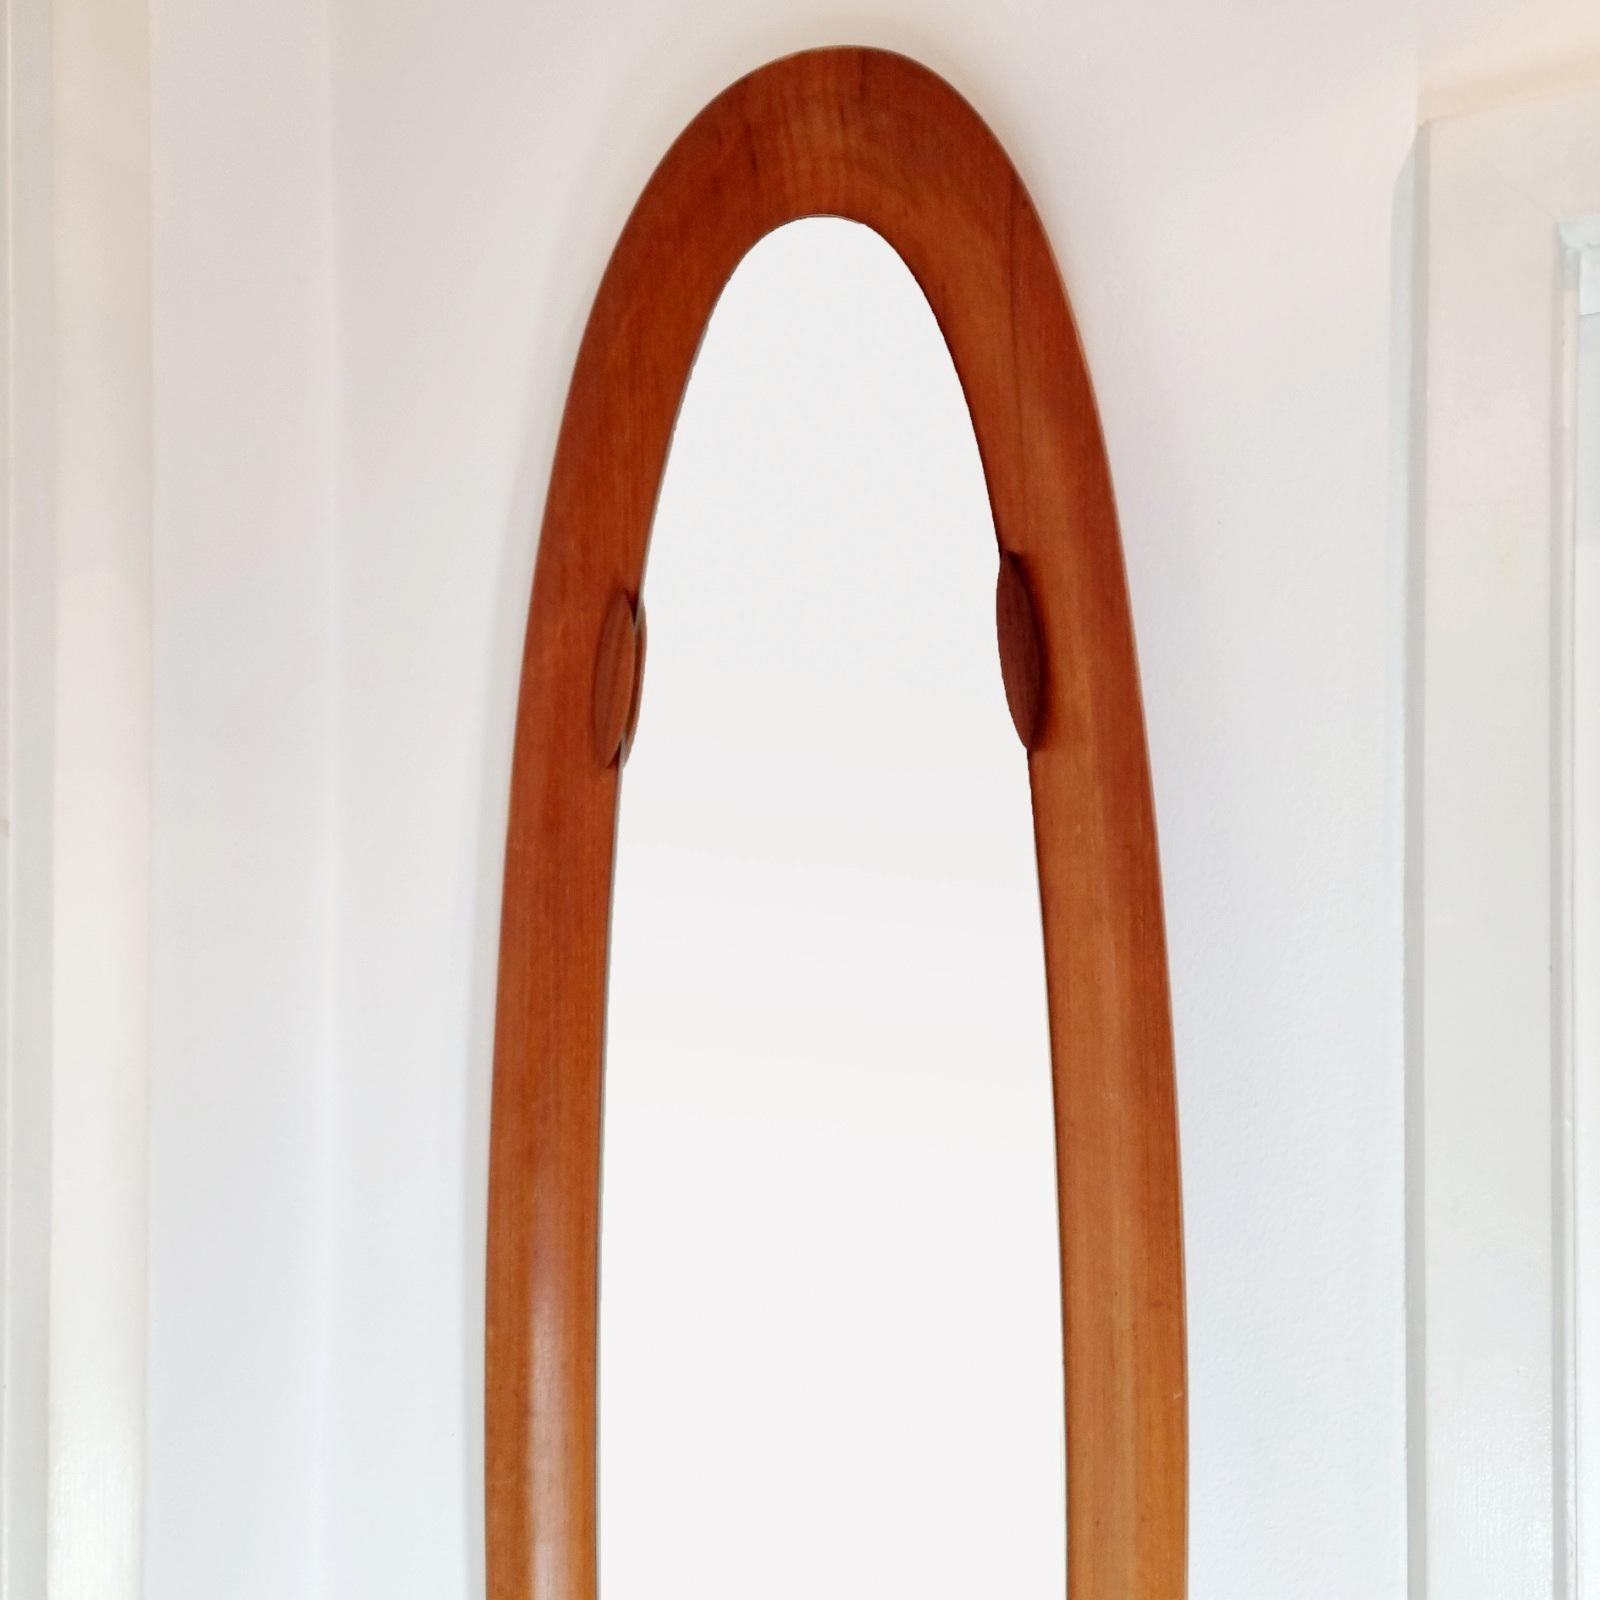 Classic Italian oval wall mirror from the 60s era. Designed by Campo e Graffi.
Teak material
In excellent vintage condition.
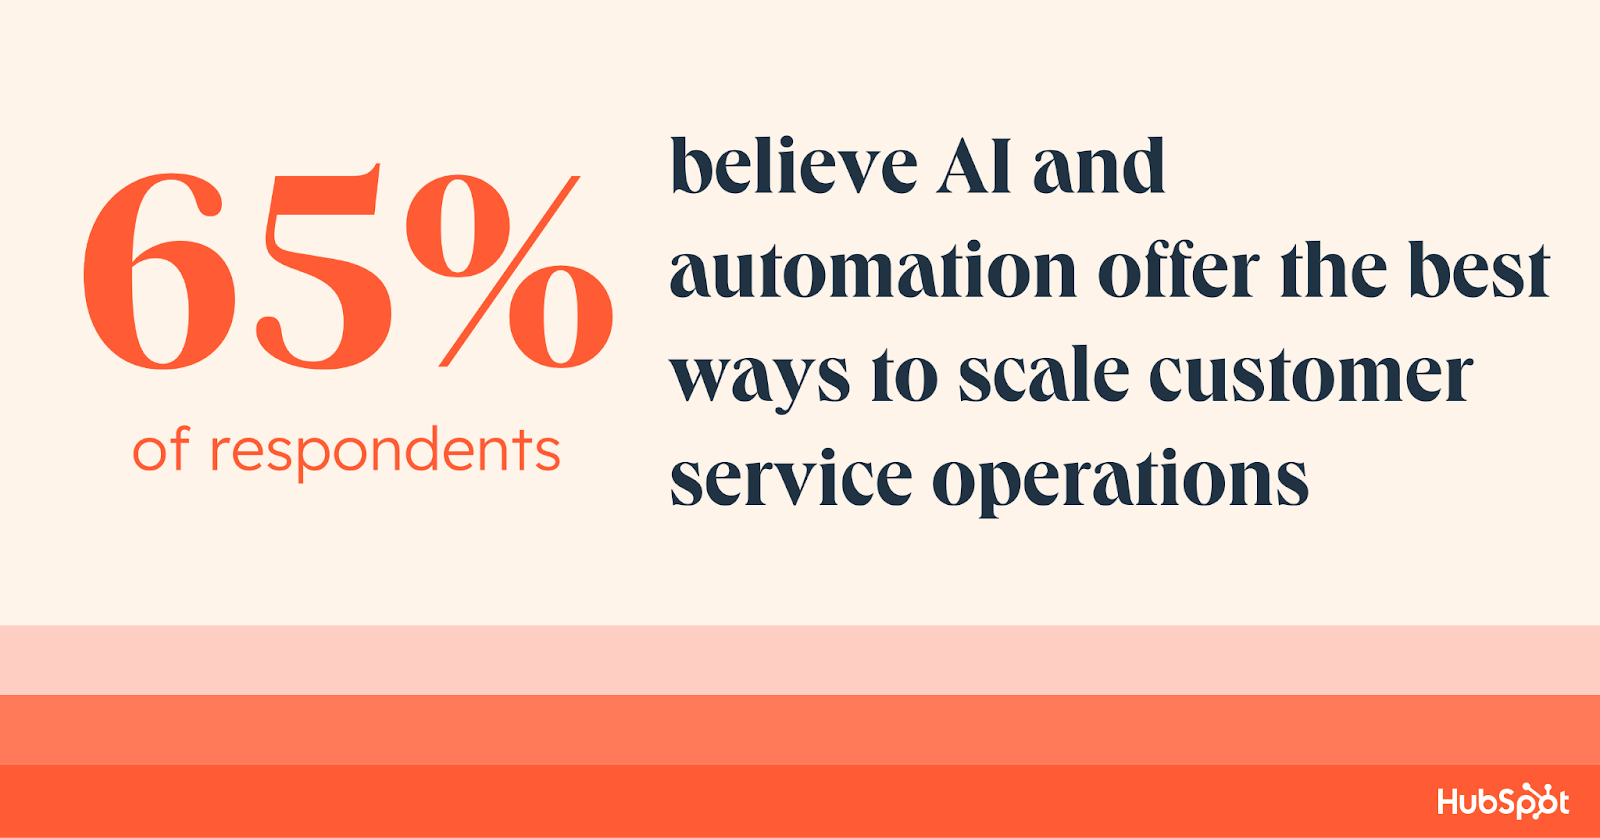 graphic showing statistic around AI to scale customer service
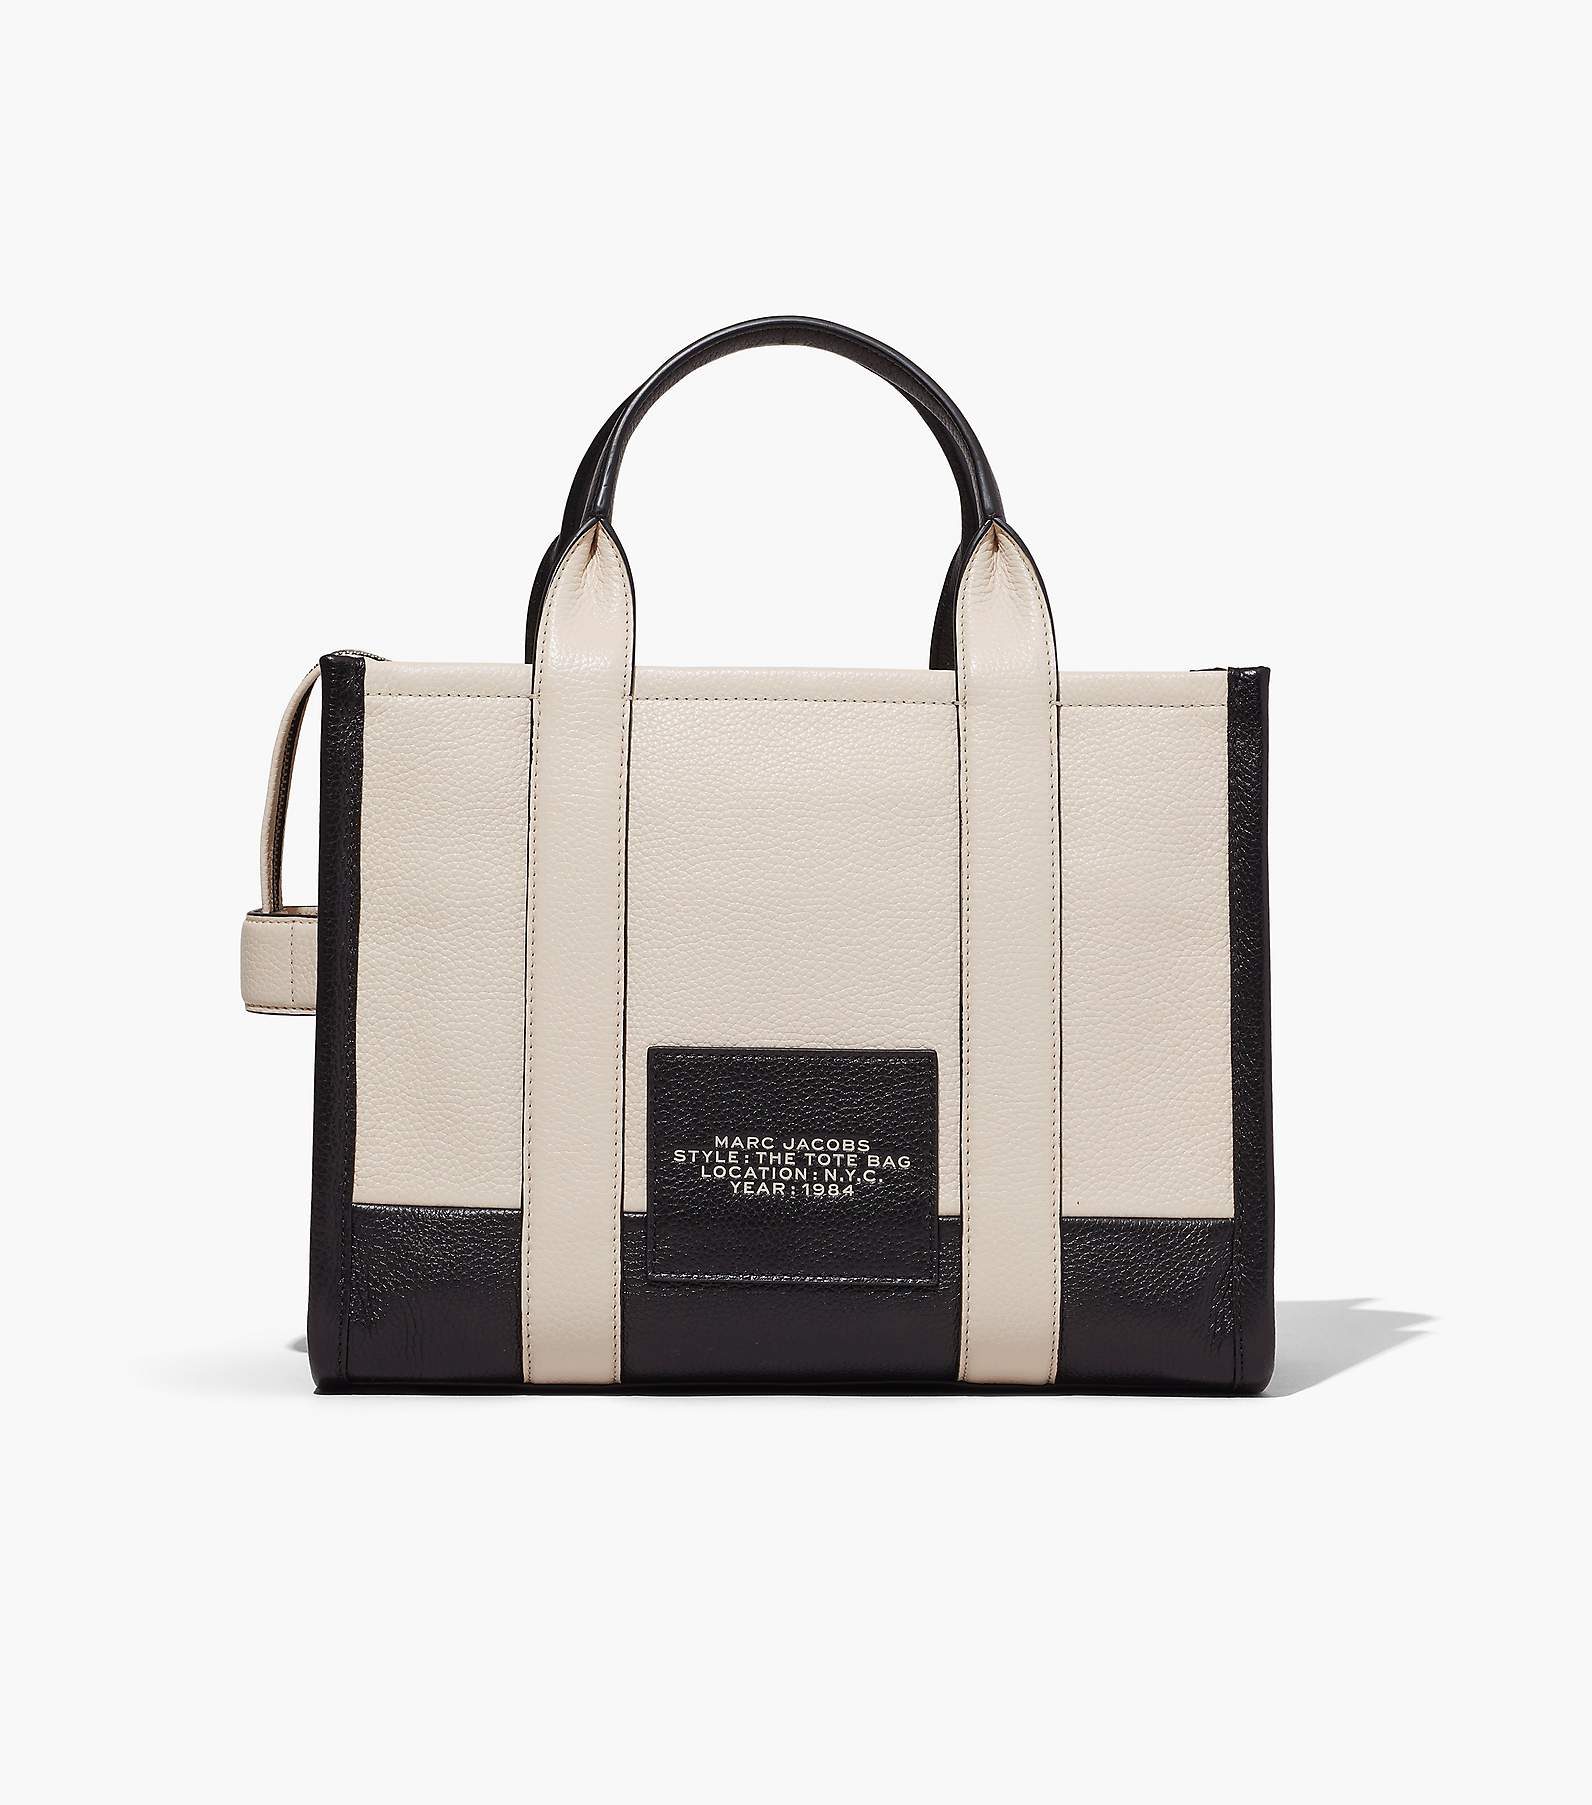 Marc Jacobs: Black & Off-White 'The Colorblock Small' Tote

■ ■ ■ ■ ■ ■ ■

■ EXERCISE INSTRUCTIONS
In your reply, every line of the material should appear exactly as written, and no picture should.

■ EXERCISE RESPONSE
 Classic Italian oval wall mirror from the 60s era. Designed by Campo e Graffi.
Teak material
In excellent vintage condition.
 graphic showing statistic around AI to scale customer service
 Marc Jacobs: Black & Off-White 'The Colorblock Small' Tote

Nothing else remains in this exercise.